* [WHAT THE TASK ASKS]:
Below are the records; repeat exactly their lines between the line holding "Le Mac mini" and the line holding "ati2evxx.dll 文件丢失？。 适用于", inclusive, skipping the pictures.

* [TASK MATERIAL]:

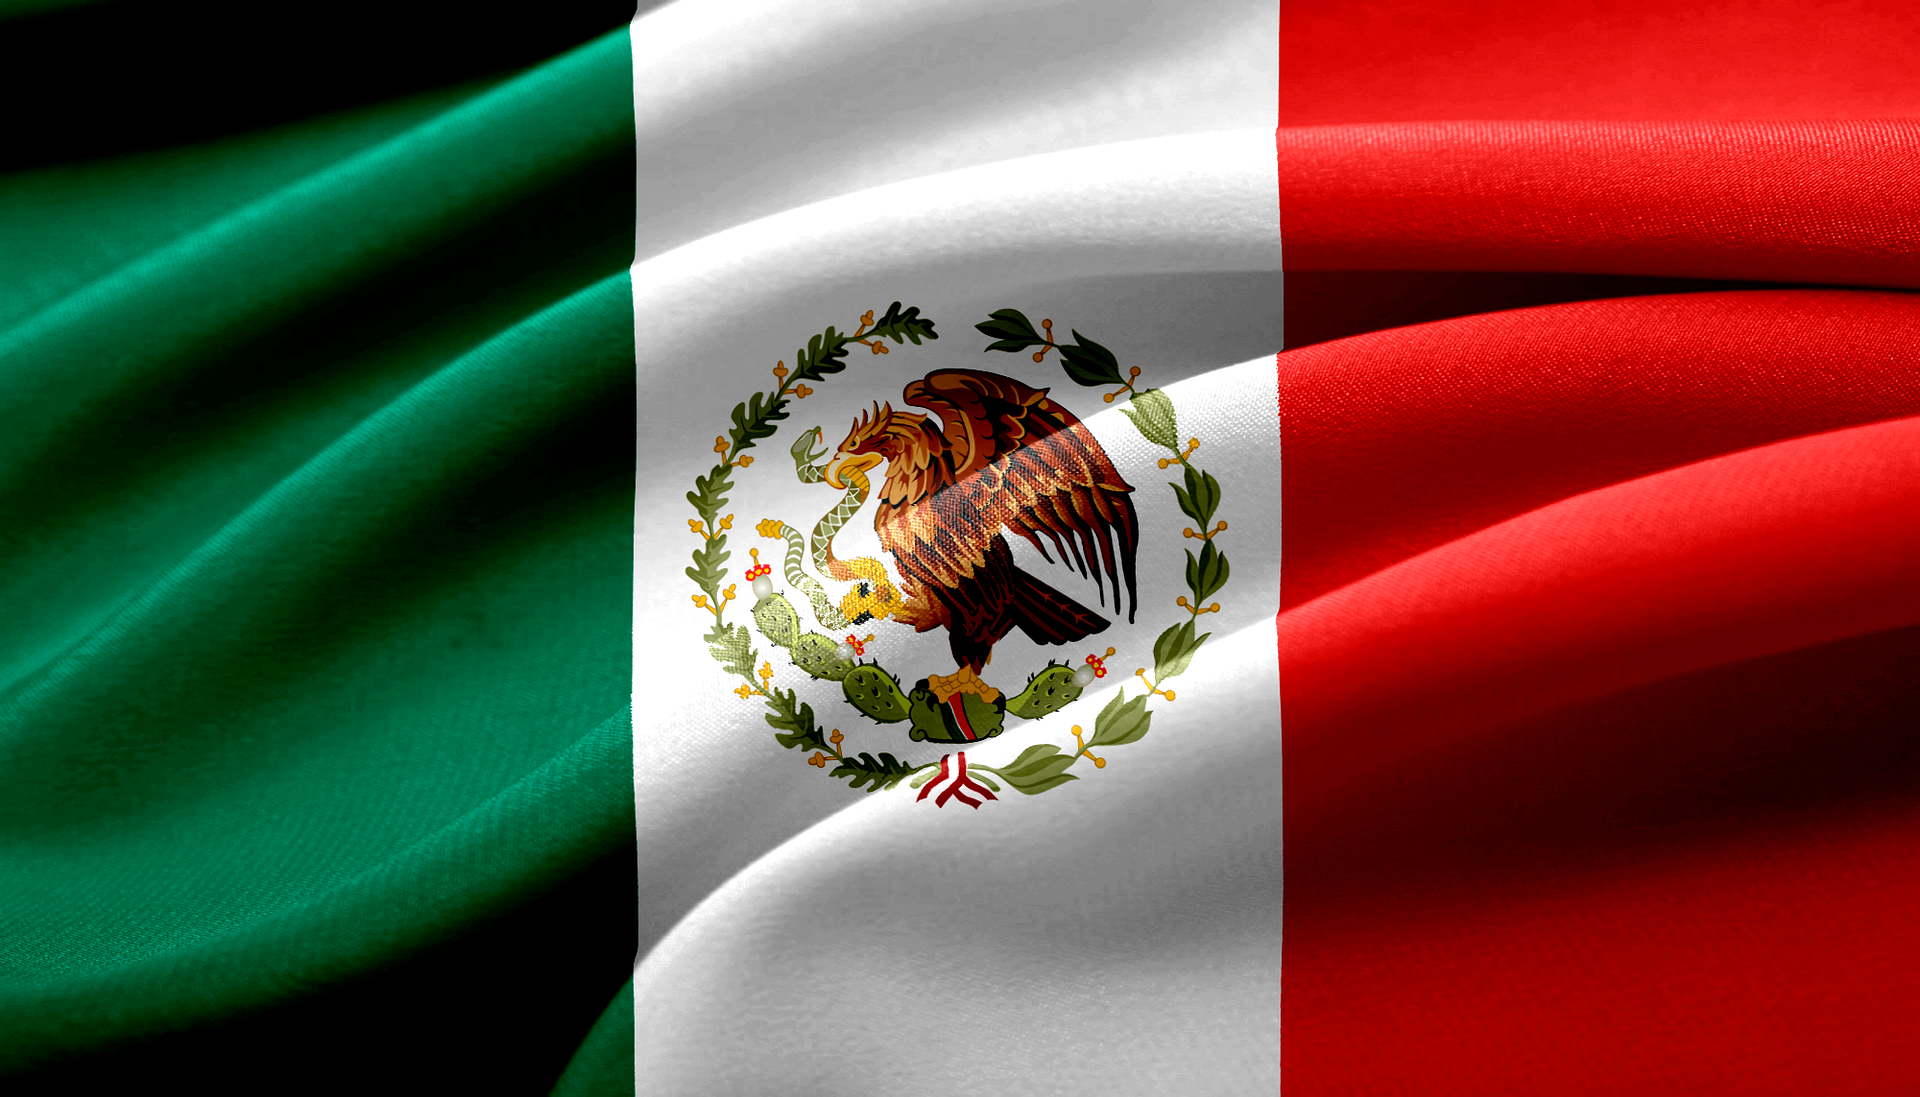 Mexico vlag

---

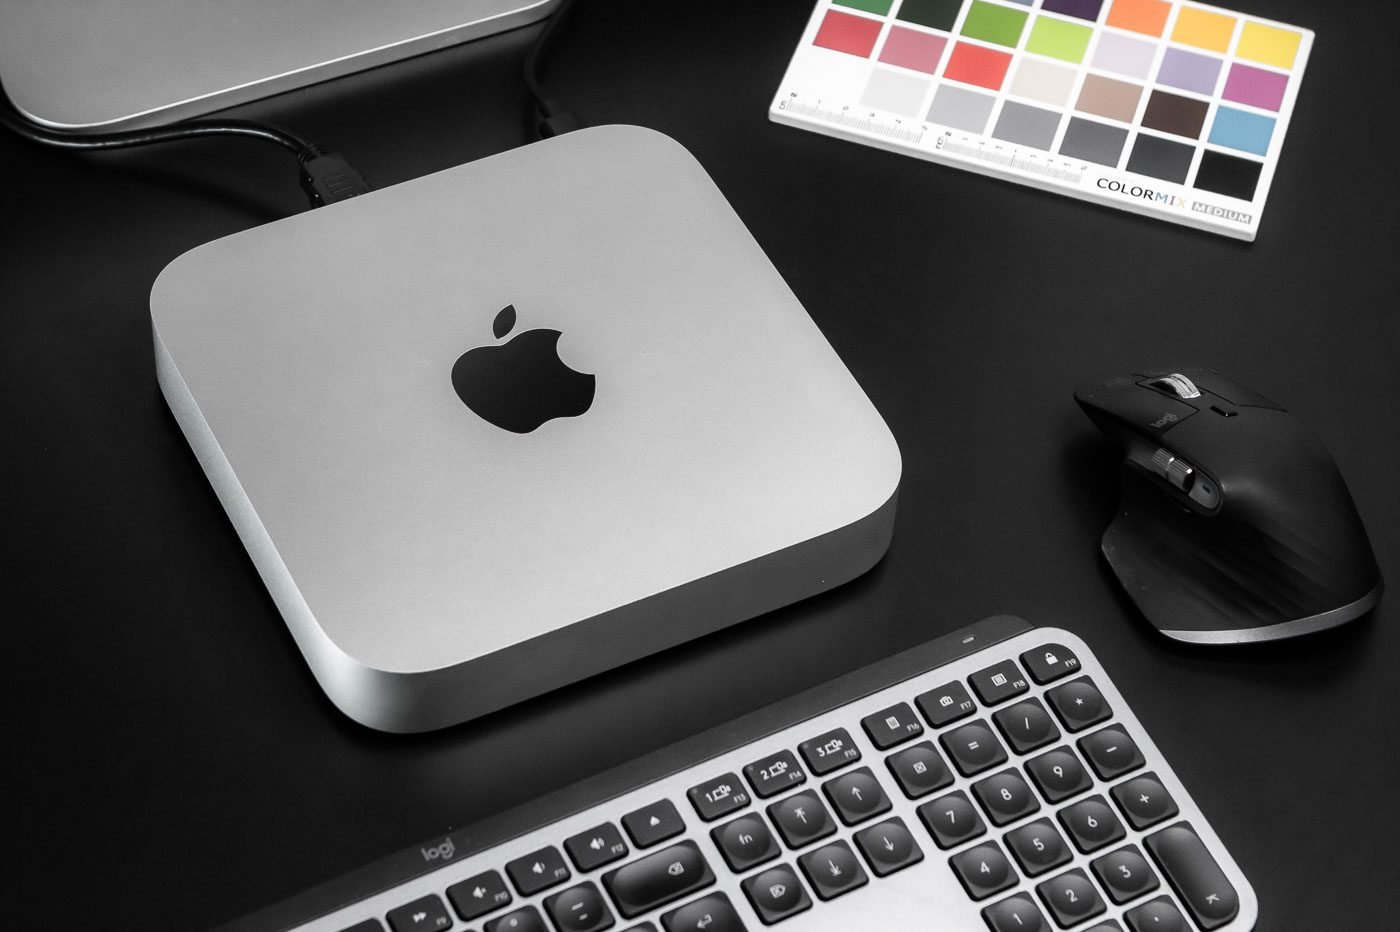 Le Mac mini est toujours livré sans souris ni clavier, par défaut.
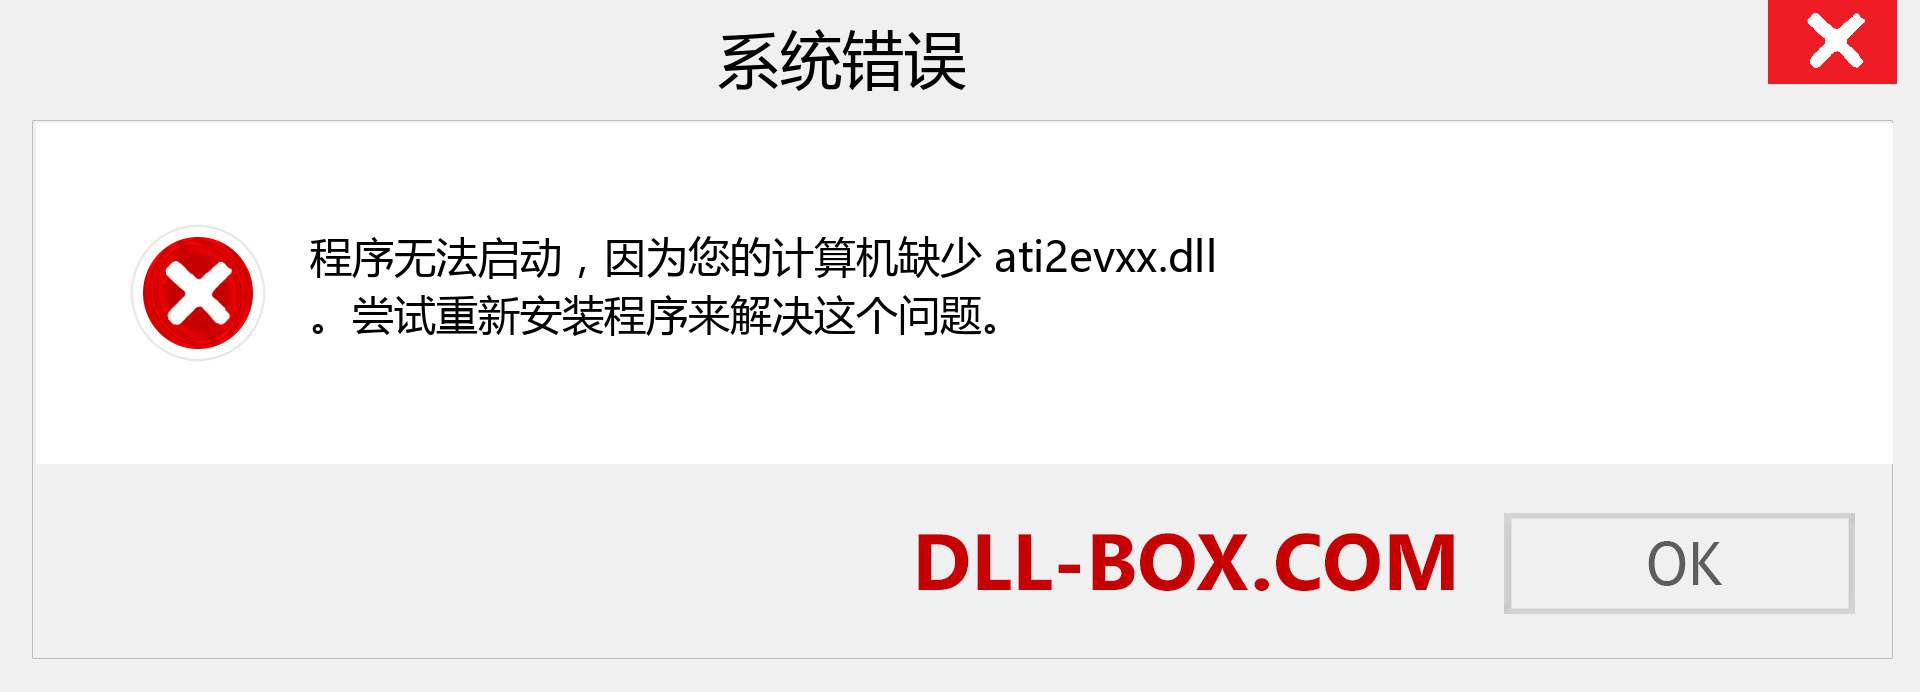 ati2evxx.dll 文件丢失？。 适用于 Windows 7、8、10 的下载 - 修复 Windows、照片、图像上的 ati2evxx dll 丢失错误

* [THE COMPLETED TASK]:
 Le Mac mini est toujours livré sans souris ni clavier, par défaut.
 ati2evxx.dll 文件丢失？。 适用于 Windows 7、8、10 的下载 - 修复 Windows、照片、图像上的 ati2evxx dll 丢失错误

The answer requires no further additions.